| title | README |
|---|---|
| author | Petra |
| date | 2023-01-06 |
| output | github_document |
Getting and Cleaning data course project in the Johns Hopkins University Data Science Specialization
Collect and clean data from the study: https://archive.ics.uci.edu/ml/datasets/Human+Activity+Recognition+Using+Smartphones
Transform the cleaned data set into a tidy data set that shows averages per subject per activity in a table. The table must comply with the rules for tidy data: each variable is a column, each observation is a row, and each type of observational unit is a table.

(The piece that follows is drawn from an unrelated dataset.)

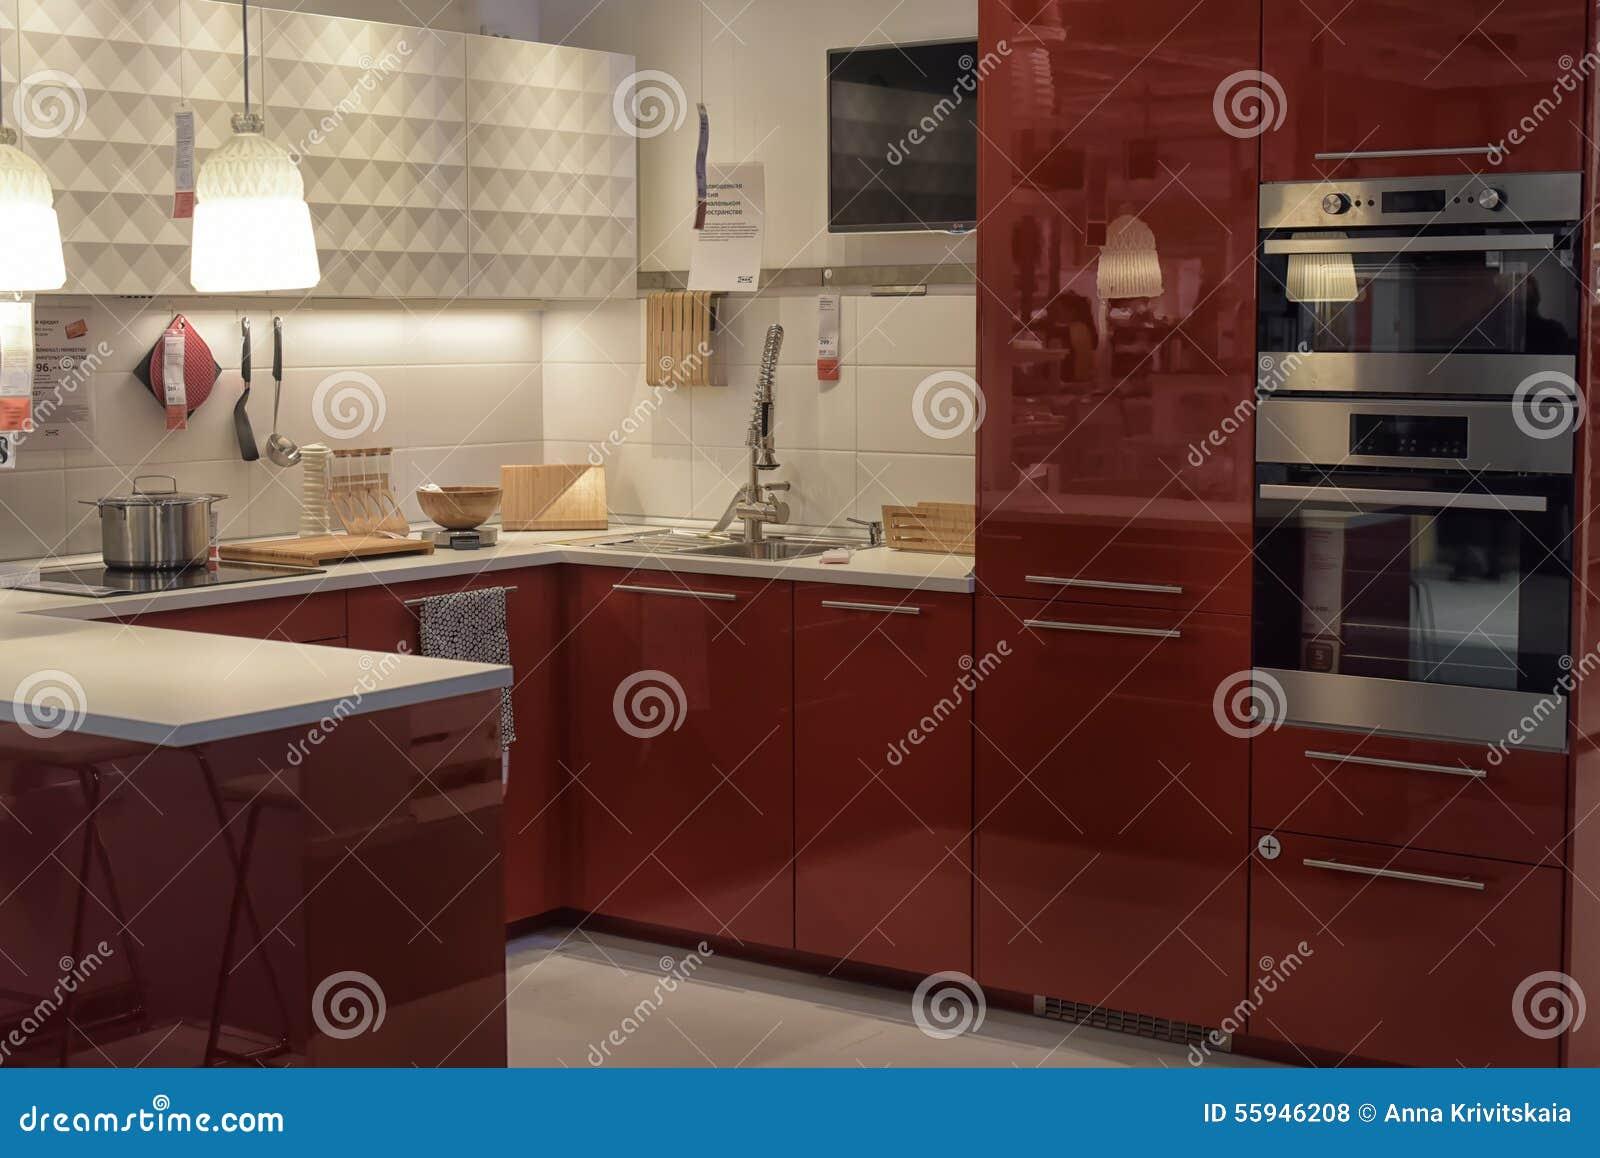 Cocina En La Tienda De Muebles Ikea Foto De Archivo Editorial  # Muebles Pompeya

Readme.md: General information about source files and original study design. For data-specific information and transformations done, see CookBook.md
CodeBook.md: Describes the data sources,variables, transformations
run_analysis.R: Script to collect, clean and summarize data as prescribed
tidydataset.txt: The resulting tidy data set with averages for all mean() and std() variables per subject per activity\
The following raw data files were downloaded from the study link into folders as shown:\
.\getdata_projectfiles_UCI HAR Dataset\UCI HAR Dataset:
activity_labels.txt: The integer to activity mapping for the six activities (WALKING, WALKING_UPSTAIRS, WALKING_DOWNSTAIRS, SITTING, STANDING, LAYING) that each subject performed
features.txt: List of all 561 features in X_train and X_test\
.\getdata_projectfiles_UCI HAR Dataset\UCI HAR Dataset\train:
subject_train.txt: An integer representing the subject who performed the activity for each observation of the 7352 observations in the training data set. There are 21 subjects in the training data set.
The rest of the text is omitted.